An idea for a new project has come to mind so when I’m not here, I’m brain-dumping in Microsoft Word.  The topic:  helping others with chronic illness with the day-to-day practical barriers to living.

My career in occupational therapy included evaluating the daily “occupations” in the lives of my patients and the skills he or she needed to get through the day.  Occupations can include homemaking, pre-driving skills, functioning on the job, and more.  When the person was unable to complete the steps, tasks, and activities needed to perform those daily occupations then O.T. was offered.  Treatment began during an inpatient hospital or rehabilitation facility stay and continued in outpatient or home care therapy sessions.  I have had the privilege of working in all of these settings.  My favorite was always home care.  When you are working with a patient in their own living situation, the evaluation is often more accurate and the remediation more meaningful.   This was my part time work when I became sick on October 11, 2011.  Within a few months I was unable to continue.  Since then the remediation has focused on my own home and health!
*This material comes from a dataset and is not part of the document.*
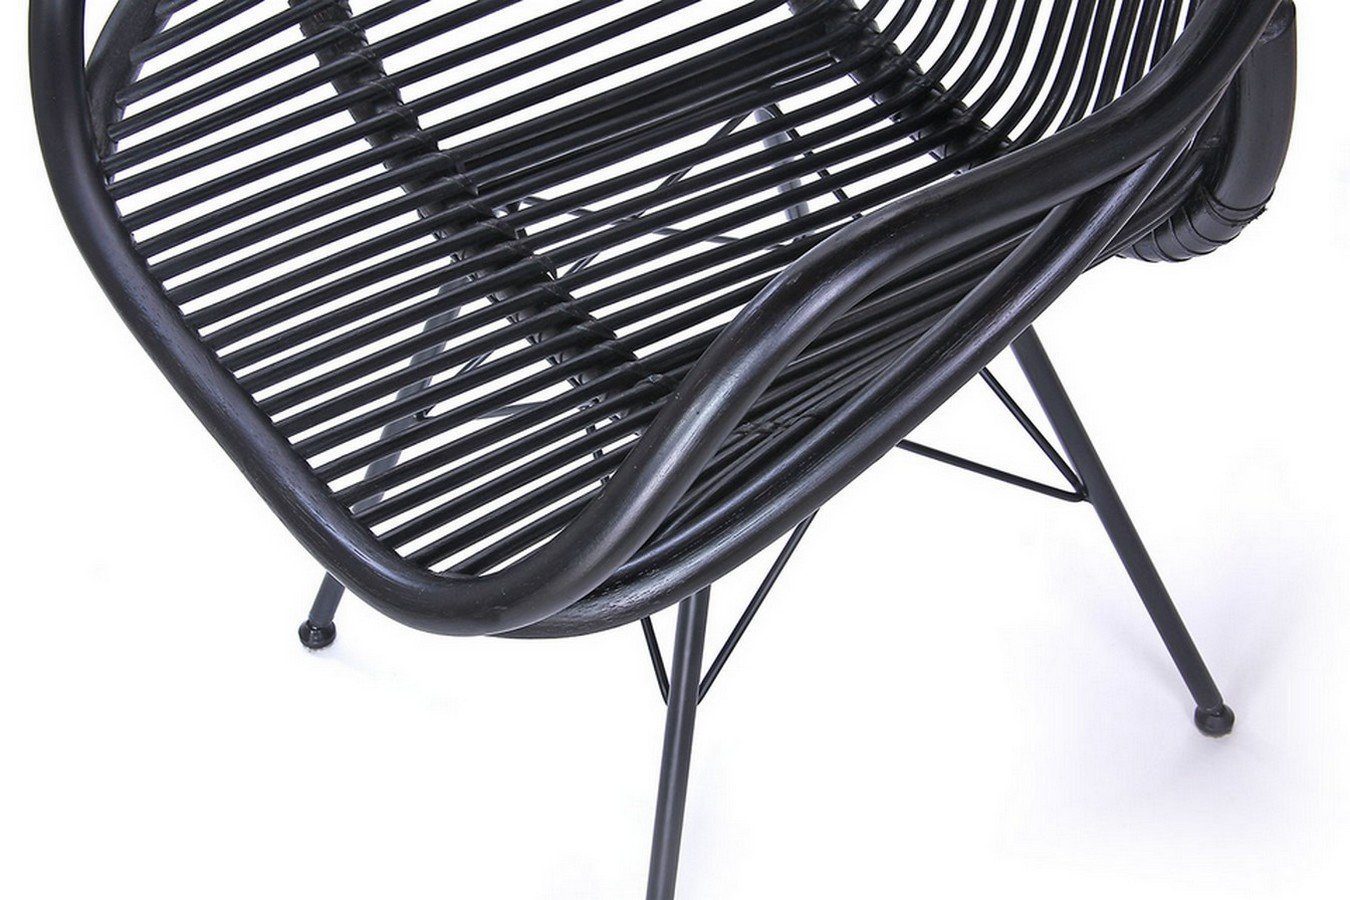 jankurtz Retro-Style Rattanstuhl Area Stuhl schwarz

I am grateful for my 30 years in occupational therapy practice.  The Lord led me to a profession as a high school graduate that would provide a fulfilling career my entire adult life.  I enjoyed serving others in both psychiatric and physical rehabilitation settings, with adolescents to older adults alike.  I have been with a patient just moments before she passed away and another when he realized that his disabilities would be permanent.  To look into the eyes of someone about to lose their independence because of his medical condition and another who needs a little nudge to realize she is ready to return to work are equally humbling experiences.  And these days when I look into the mirror, I have some of those same discussions in mind as I consider the challenges of my own life these days.  Gratefully, I have a rich variety of experiences and resources upon which to draw.  In many ways I have not had to struggle as much as my patients because of my training as an OT.

For example, I intuitively know the importance of planning ahead in the evening for the next morning.  If I wake up with seizure attacks and my husband is alone, I generally have a plan in place to meet my basic needs in case I would be unable to leave the bedroom.  The night before, I usually pack a breakfast with my a.m. medications, enough water and food (following my special diet) to make it through the first part of the day.  Low blood sugar can exacerbate my symptoms so this strategy has become one of numerous methods employed to cope with my limitations of late.  I am grateful to the Lord for the skills He has giving me, His help in my time of need, and His leading me to a profession that has allowed me to cope through many trials in my life.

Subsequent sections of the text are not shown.